In the INTEREST OF E.O. and O.O., Minor Children, L.O., Mother, Appellant.

No. 22-1193

Decided: September 21, 2022

Considered by Bower, C.J., and Tabor and Ahlers, JJ. Kevin J. Huyser of Rensink, Pluim, Vogel & Huyser, Orange City, for appellant mother. Thomas J. Miller, Attorney General, and Mary A. Triick (until withdrawal) and Erin E. Mayfield, Assistant Attorneys General, for appellee State. Tisha Halverson of Klay Law Firm, Paullina, attorney and guardian ad litem for minor children. Deb De Jong, Orange City, attorney for minor child E.O.
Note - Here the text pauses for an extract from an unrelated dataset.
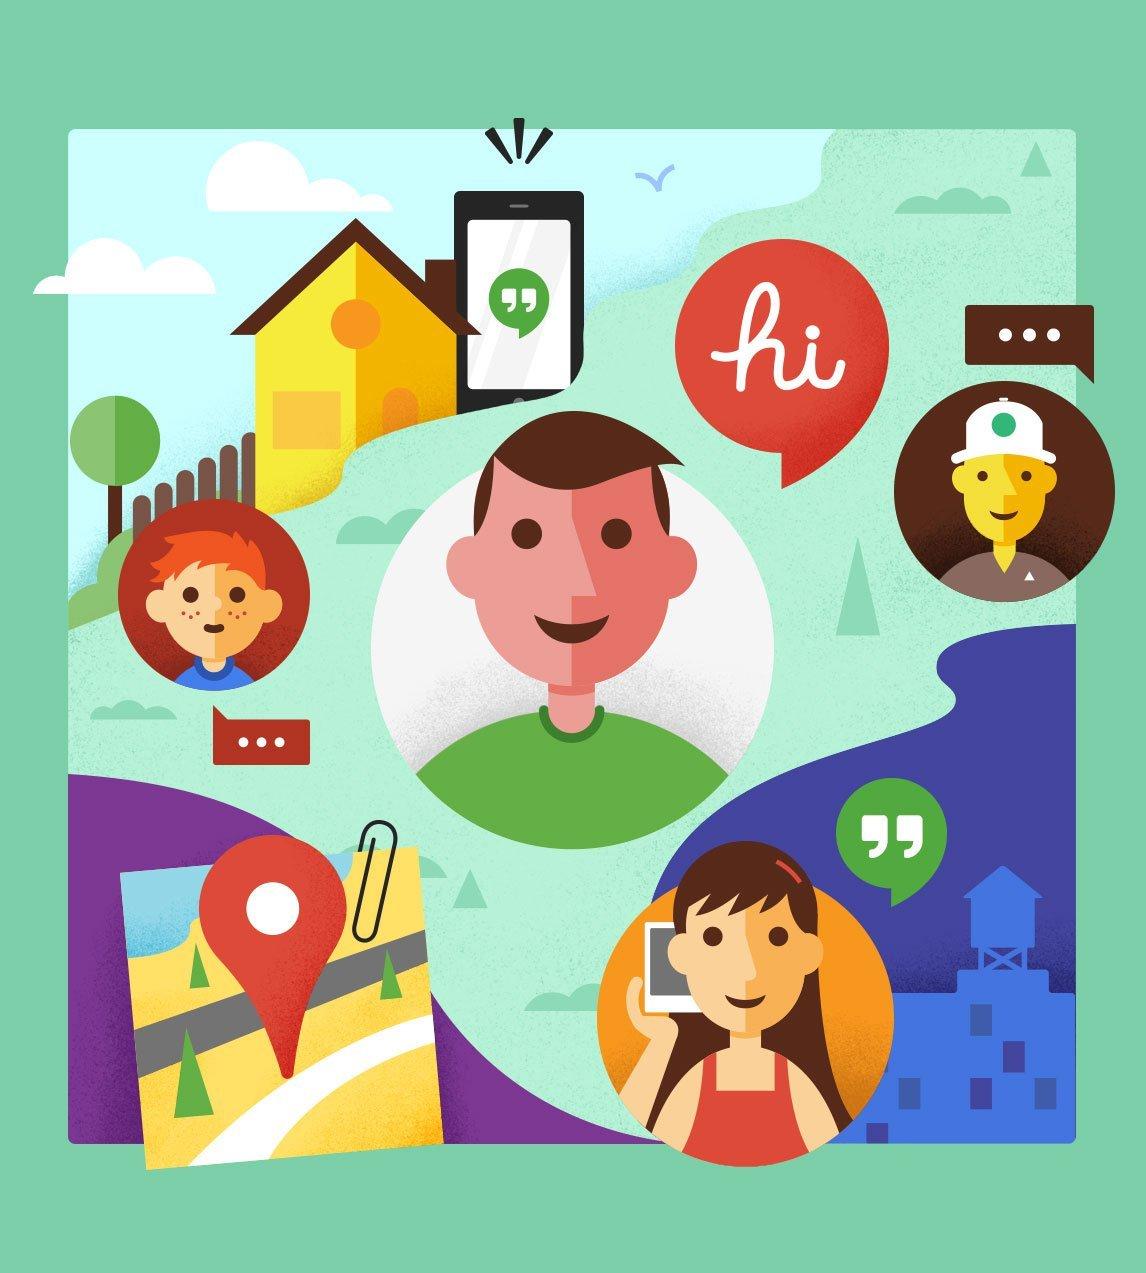 Jolby & Friends - Google Hangouts

A mother, Lisa, contends that the Iowa Department of Health and Human Services has not made reasonable efforts to return her fourteen-year-old son E.O. and her thirteen-year-old daughter O.O. to her care.1 She now sees those two children once a week for a supervised four-hour visit.2 Lisa asked for more frequent and longer visits with less supervision. Following a review hearing, the juvenile court rejected Lisa's reasonable-efforts challenge and left the details of visitation in the department's discretion. The court found that Lisa's interactions with E.O. and O.O. should remain supervised until Lisa addresses the physical abuse and neglect that led to their removal and adjudication as children in need of assistance (CINA).3 We agree and affirm the court's order.

A CINA review order is subject to appellate review. In re A.H., 519 N.W.2d 425, 426 (Iowa Ct. App. 1994). Our review is de novo. In re J.R.H., 358 N.W.2d 311, 317 (Iowa 1984). “The welfare and best interests of the children are paramount.” Id.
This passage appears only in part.